Leichtgewichtig und bequem zu tragen sind heutige Helme, so dass man sie so gut
wie nicht auf dem Kopf spürt. Nichts stört, nichts zwickt. Jedoch gibt es
einige Unterschiede, die beim Klettern doch ins Gewicht fallen und je nach
persönlichen Bedürfnissen berücksichtigt werden müssen.
Der Kletterhelm
hat in der Regel die Anordnung den Kopf vor Steinschlag zu schützen. Ebenso
wichtig ist auch der Schutz vor dem Aufschlagen am Fels, von oben, seitwärts
und von hinten. Ein Sturz ohne Helm kann schlimmste Kopfverletzungen
hervorbringen. Selbst kleinere Kletterstürze können zu schmerzendem Felskontakt
führen. Das Hauptaugenmerk der Fabrikanten bei der Konstruktion richtet sich
nach dem Vermögen die Energie aufnehmen zu können. Bei den
Dämpfungseigenschaften gibt es noch Spielraum der Hersteller. Am
überzeugendsten präsentieren sich die Inmoldinghelme zu sein. Sie sind extrem
leicht. Der Nachteil, sie sind nicht sonderlich robust. Die Entwicklung der
Kletterhelme ist heutzutage weit hoch entwickelt. Eine der aktuellen
Innovationen ist der Madillo von Edelrid. Bei den
Verstellungen haben sich die Rändelrädchen bei den meisten Helmen durchgesetzt.
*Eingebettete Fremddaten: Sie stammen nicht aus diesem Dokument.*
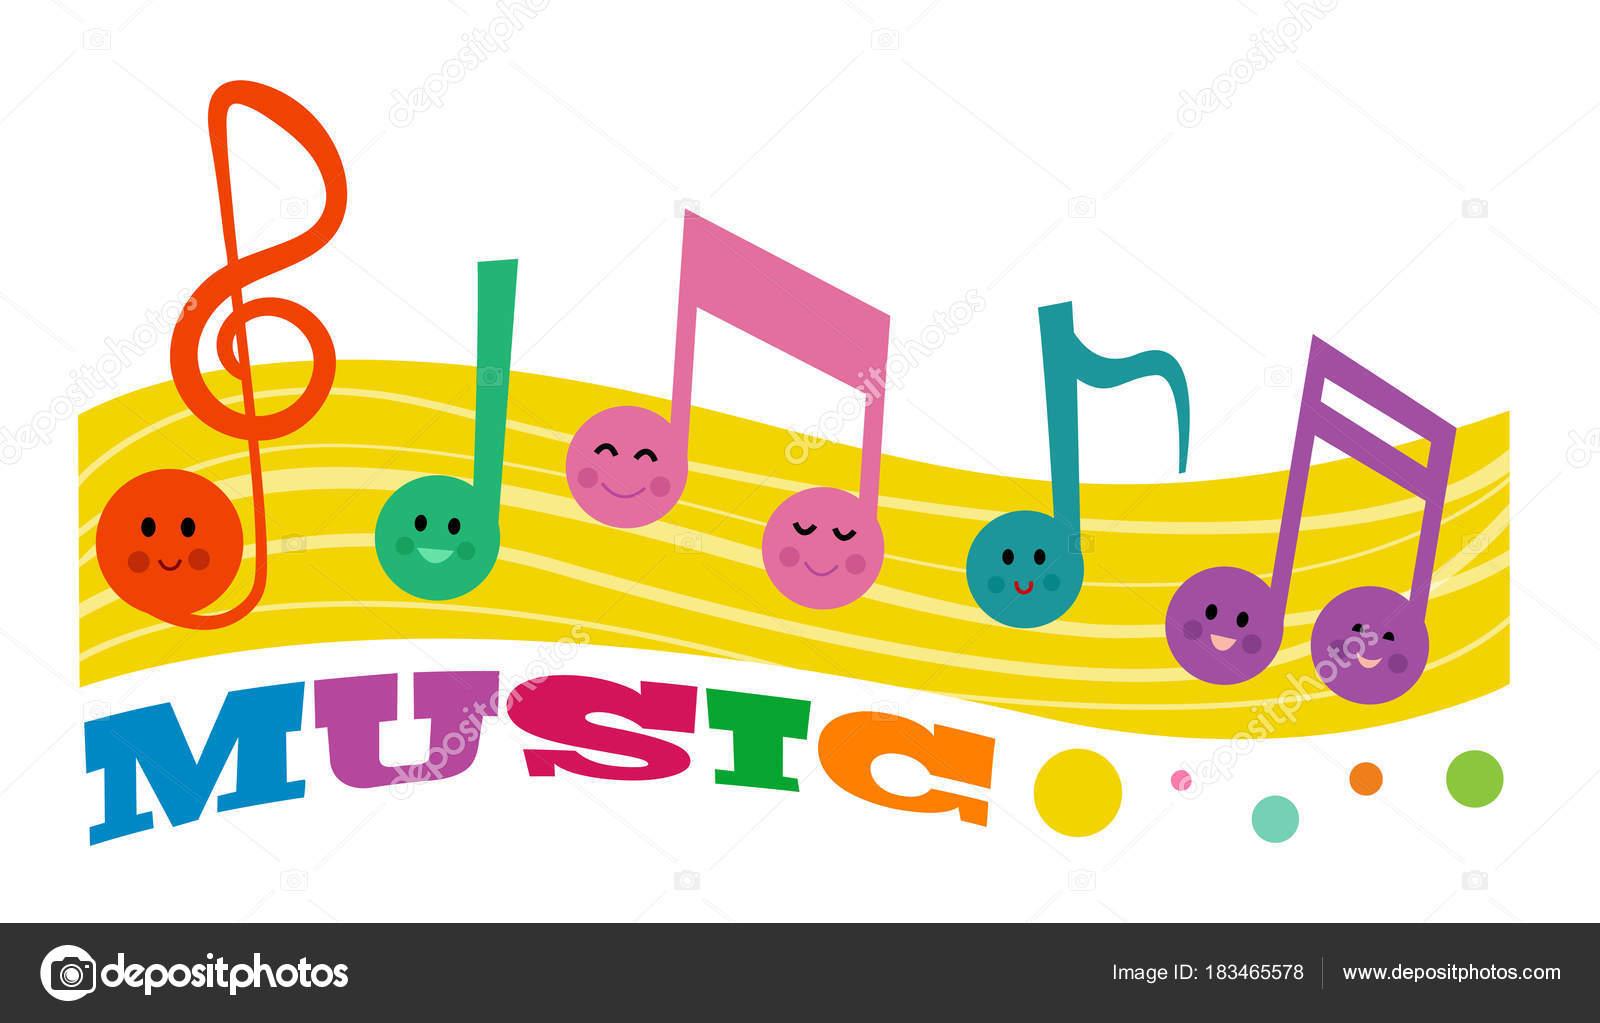 Cictures Clip Art Music Notes Music Notes Colorful Clip Art Smiling Music Notes Word Music Stock Vector C Bilhagolan 183465578

Oft sind Diese mit einer Hand gut zu bedienen und ermöglichen eine schnelle und
einfache Einstellung. Die bisherigen Ratschen werden bald der Geschichte
angehören. Ein besonderes Augenmerk im Gegensatz zur restlichen Ausrüstung ist
das Gewicht. Man merkt sehr wohl 100 Gramm mehr oder weniger auf dem Kopf. Jeder
Kopf ist anders geformt. Aus diesem Grund sollte man einen Helm vor dem Kauf in
seinem Outdoor Shop sehr wohl eine viertel Stunde ohne Schmerz tragen. In Bezug
auf die Belüftung hat sich gleichfalls einiges getan. An heutigen Kletterhelmen
befindet sich eine Mannigfaltigkeit an Lüftungsschlitzen.